The formant coding algorithm requires two parameters, the fundamental frequency and the formant. Experiments show that the application of fundamental frequency and formant information can not only reconstruct the vowel and voiced consonant parts of the speech, but also reconstruct the consonant part. First, because the fundamental frequency parameter determined by the parameter extraction algorithm in the clear consonant part is unstable, the speech signal reconstructed according to the unstable parameter will hop, and the hopping signal is similar to the clear consonant spectrum. The more important reason that the ear of the human ear is the transitional sign for the consonant, so the consonant part can be reconstructed as long as the resonance peak is accurately provided. According to the study of speech signal synthesis, the most important representation of the voiced signal is the first three formants. A formant model of a speech signal can obtain a well-understood synthesized voiced sound using only the first three time-varying formant frequencies. Considering that a pseudo formant may occur under special circumstances, the algorithm retains four formant parameters according to the magnitude of the formant amplitude when determining the coding parameters.

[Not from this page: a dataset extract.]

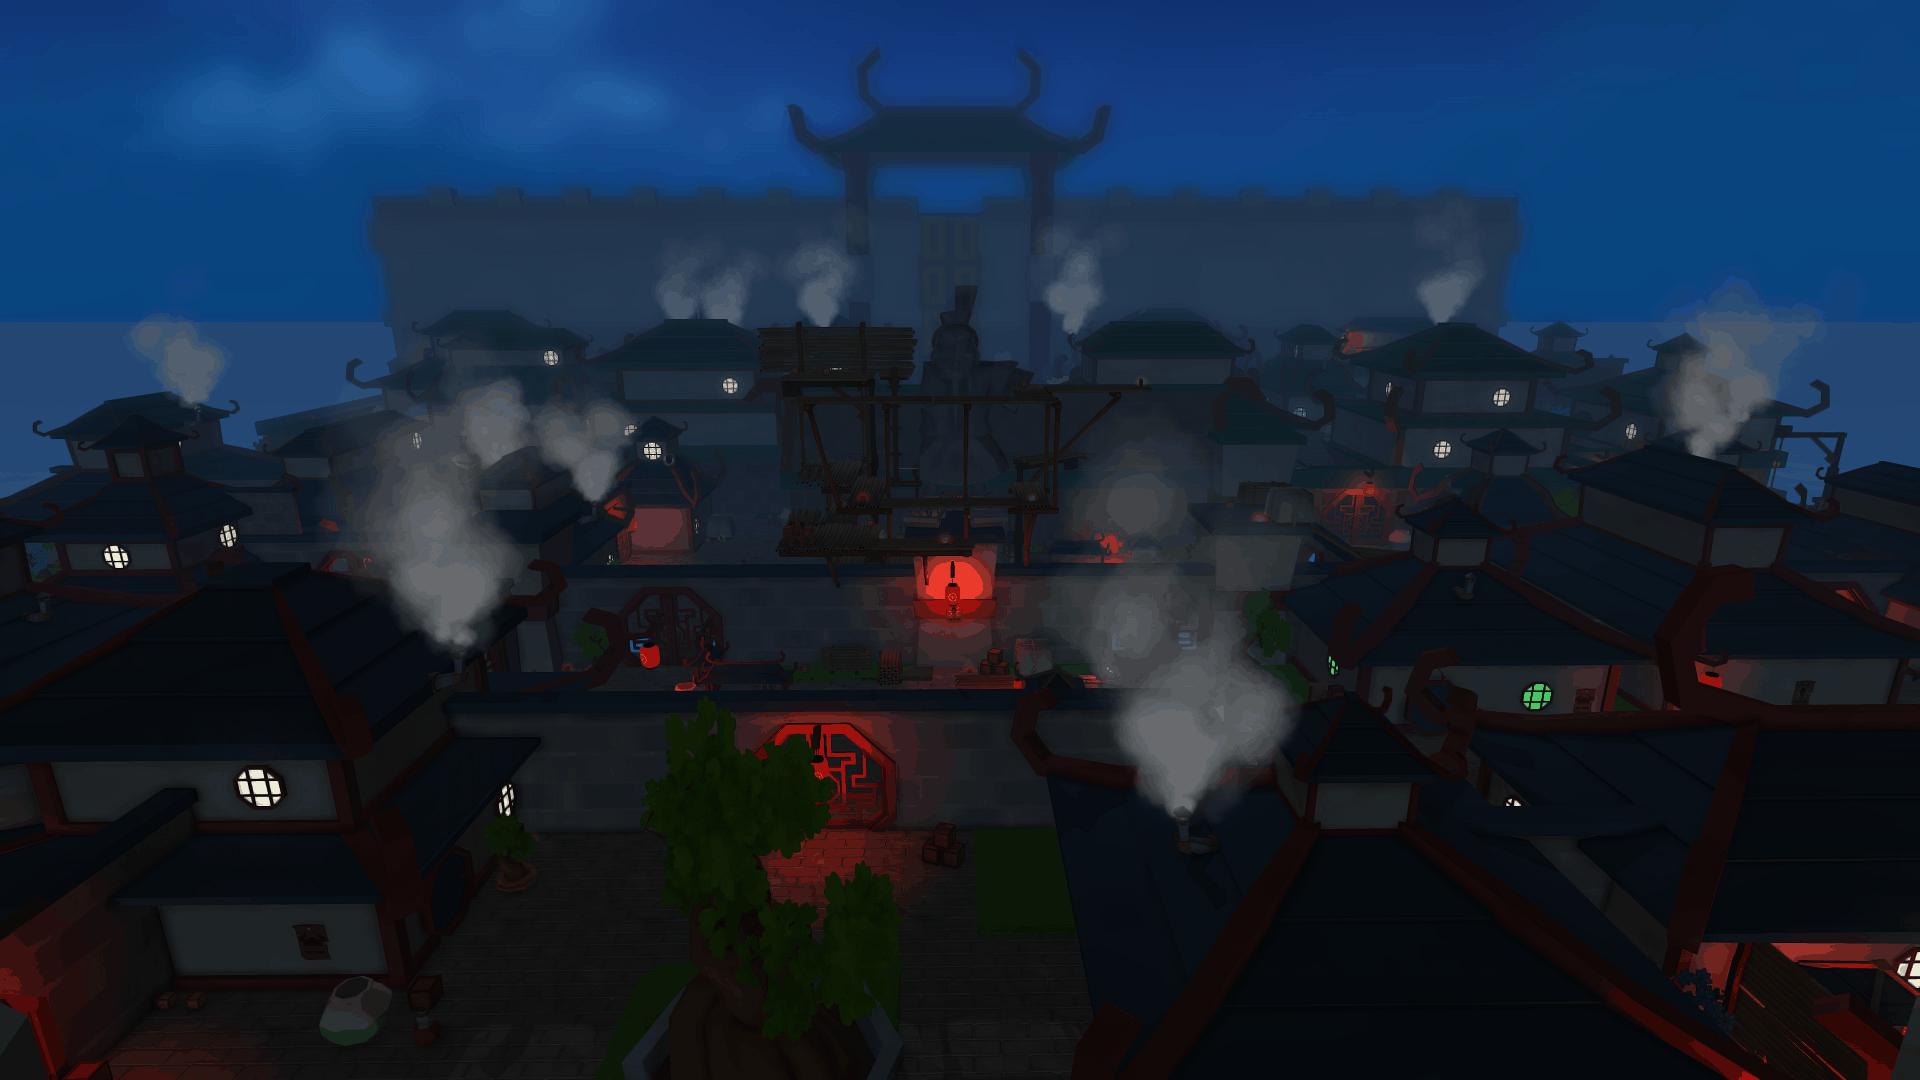 Cornerstone game screenshot, GouHai, an Asian-inspired island

3.1 Parameter quantification

The two main indicators of speech coding algorithms are bit rate and speech quality. Low-rate speech coding algorithms require a minimum bit rate reduction based on speech intelligibility. In order to determine the maximum quantization degree of each parameter, we re-synthesize the speech after different degrees of quantization of each parameter, and evaluate the speech quality of each quantization degree.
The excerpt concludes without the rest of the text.